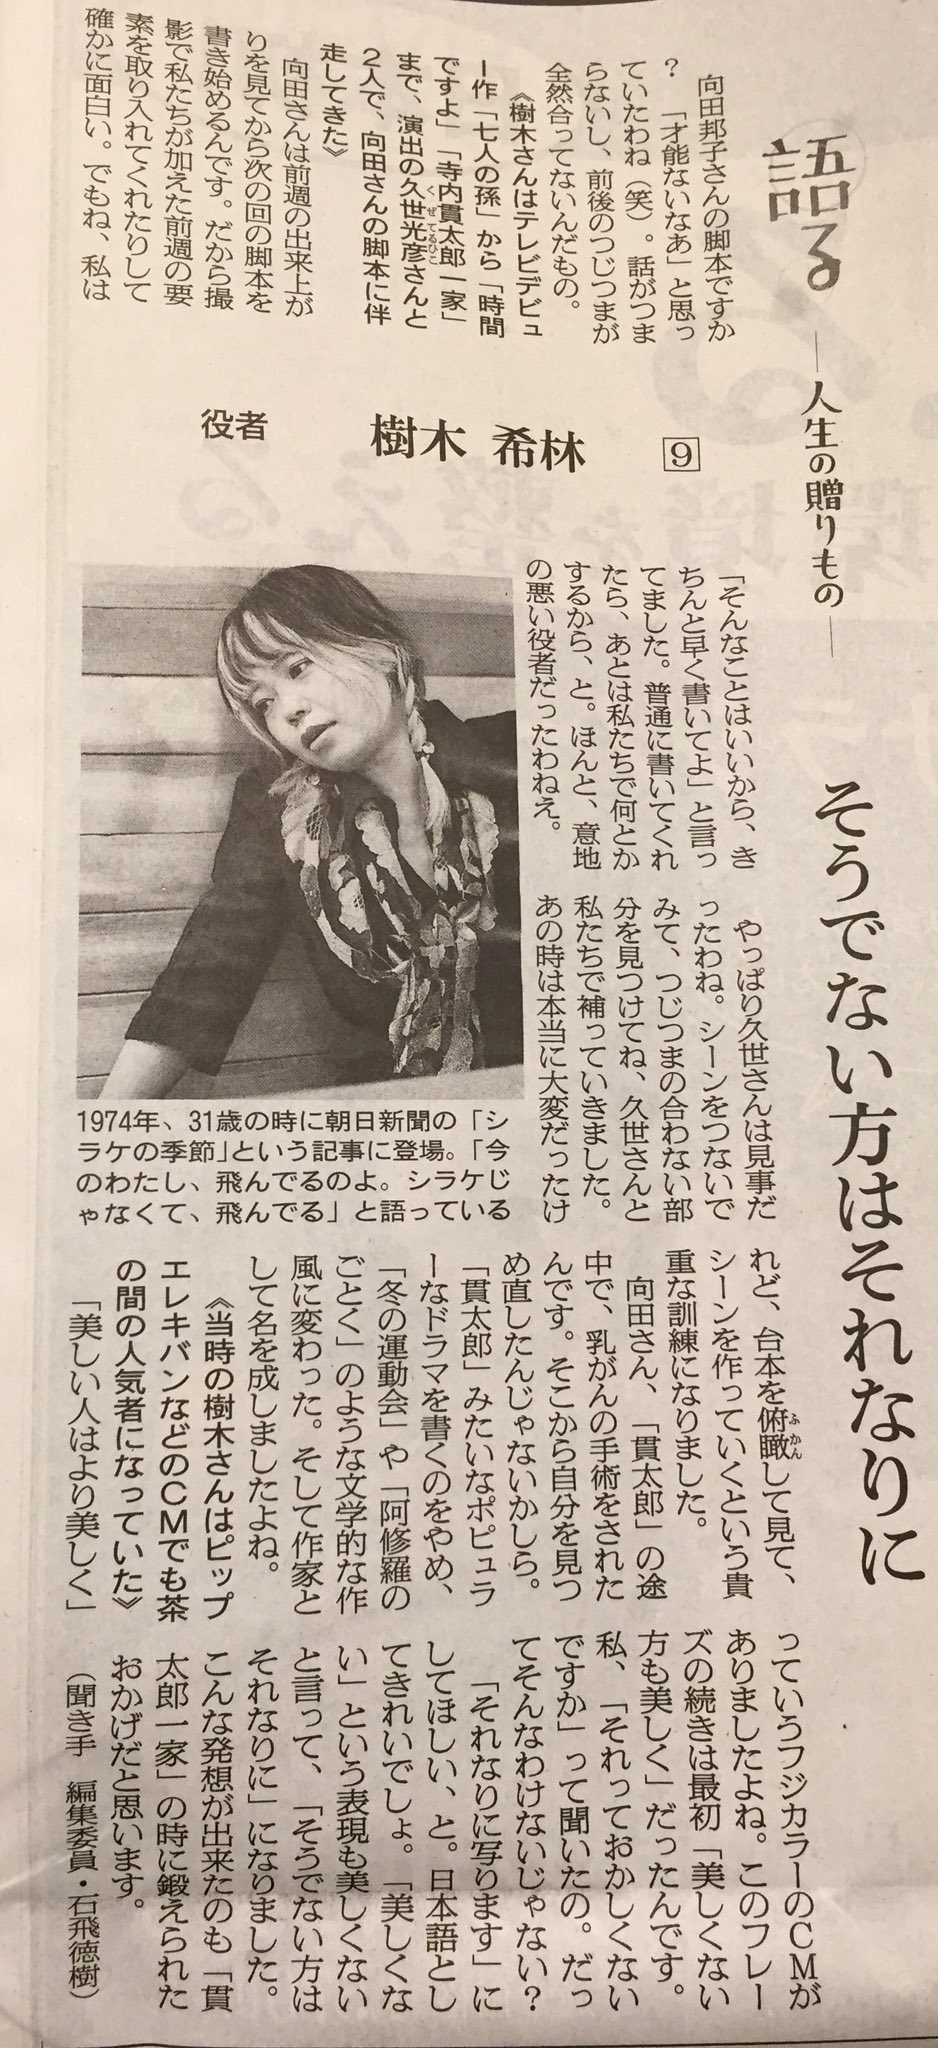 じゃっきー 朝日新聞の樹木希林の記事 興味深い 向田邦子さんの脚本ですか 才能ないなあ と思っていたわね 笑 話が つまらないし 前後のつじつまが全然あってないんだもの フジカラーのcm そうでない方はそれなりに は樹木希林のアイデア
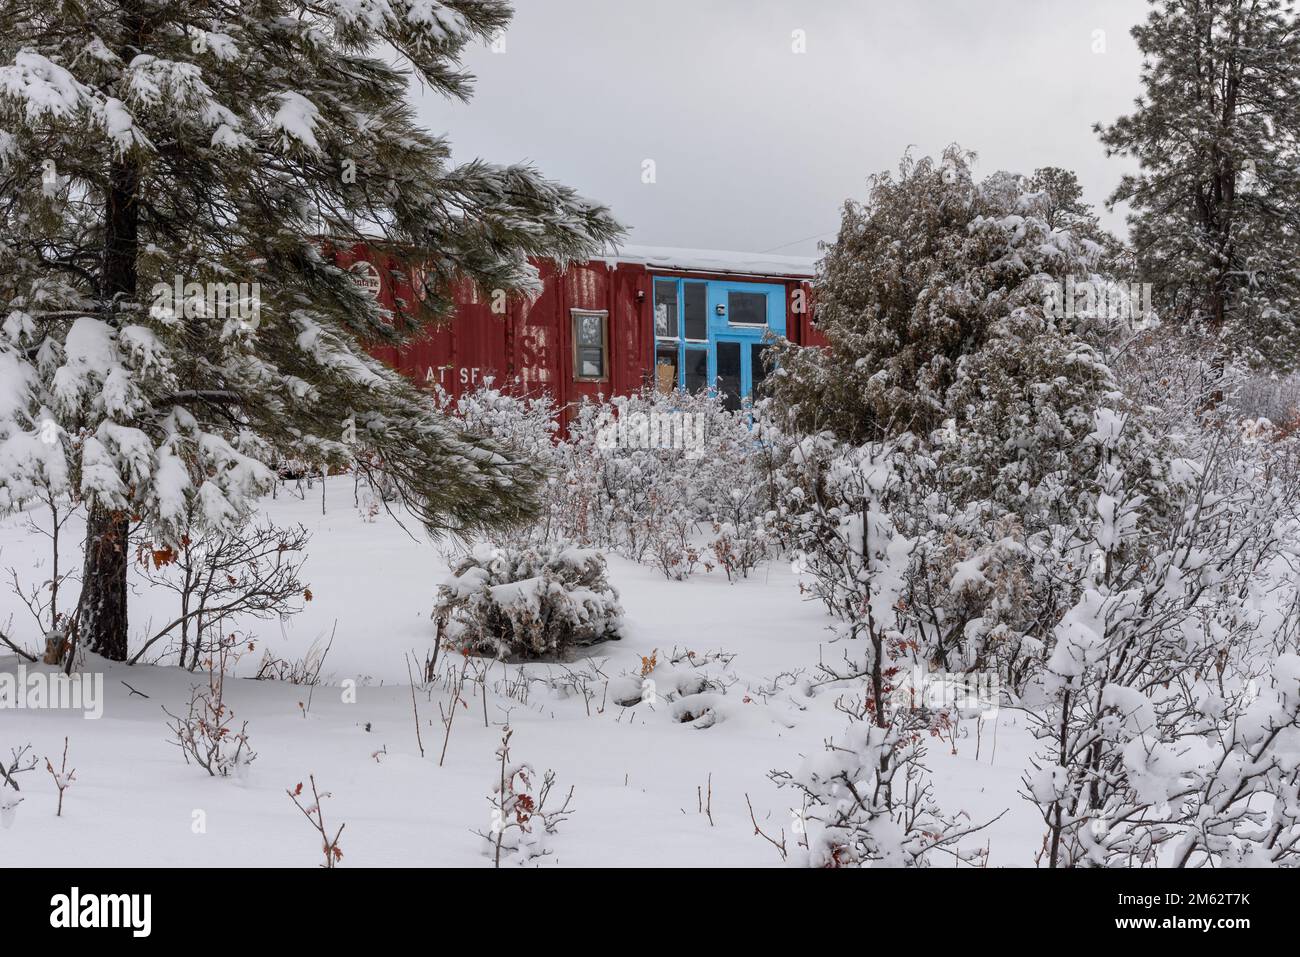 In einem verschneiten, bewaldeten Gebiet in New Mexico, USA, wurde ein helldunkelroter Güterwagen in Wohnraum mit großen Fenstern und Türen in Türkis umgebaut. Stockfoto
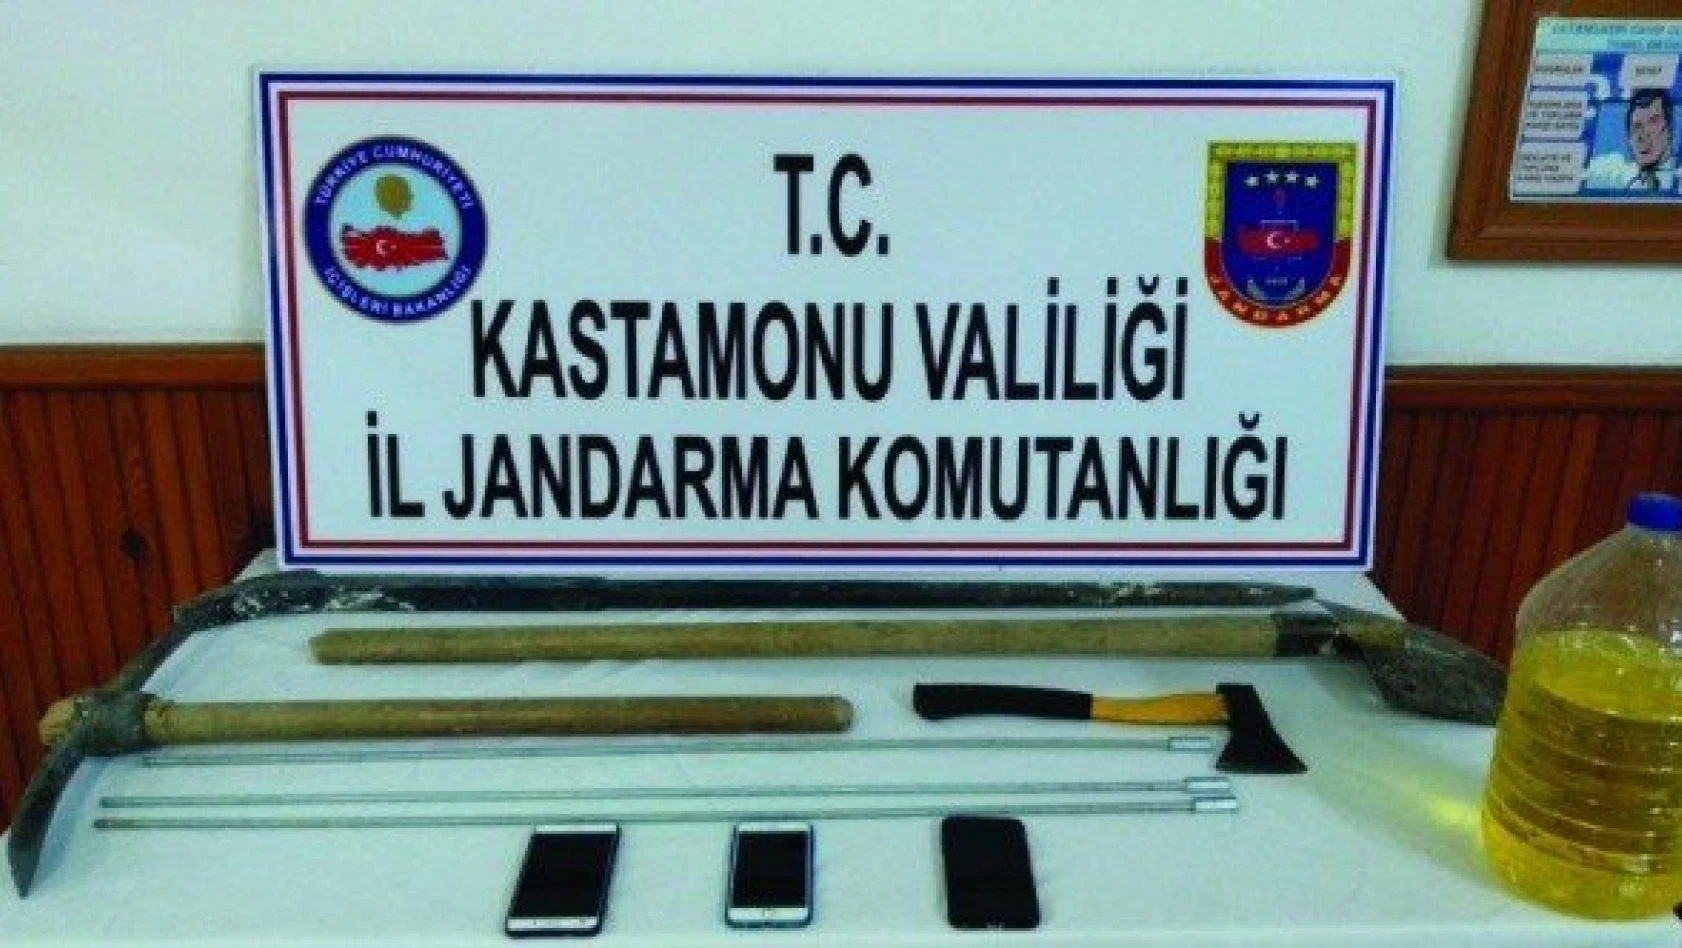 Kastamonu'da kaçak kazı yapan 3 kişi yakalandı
________________________________________
**Exercise:** With the pictures omitted, give every line above again exactly.

**Solution to this exercise:**
 じゃっきー 朝日新聞の樹木希林の記事 興味深い 向田邦子さんの脚本ですか 才能ないなあ と思っていたわね 笑 話が つまらないし 前後のつじつまが全然あってないんだもの フジカラーのcm そうでない方はそれなりに は樹木希林のアイデア
 In einem verschneiten, bewaldeten Gebiet in New Mexico, USA, wurde ein helldunkelroter Güterwagen in Wohnraum mit großen Fenstern und Türen in Türkis umgebaut. Stockfoto
 Kastamonu'da kaçak kazı yapan 3 kişi yakalandı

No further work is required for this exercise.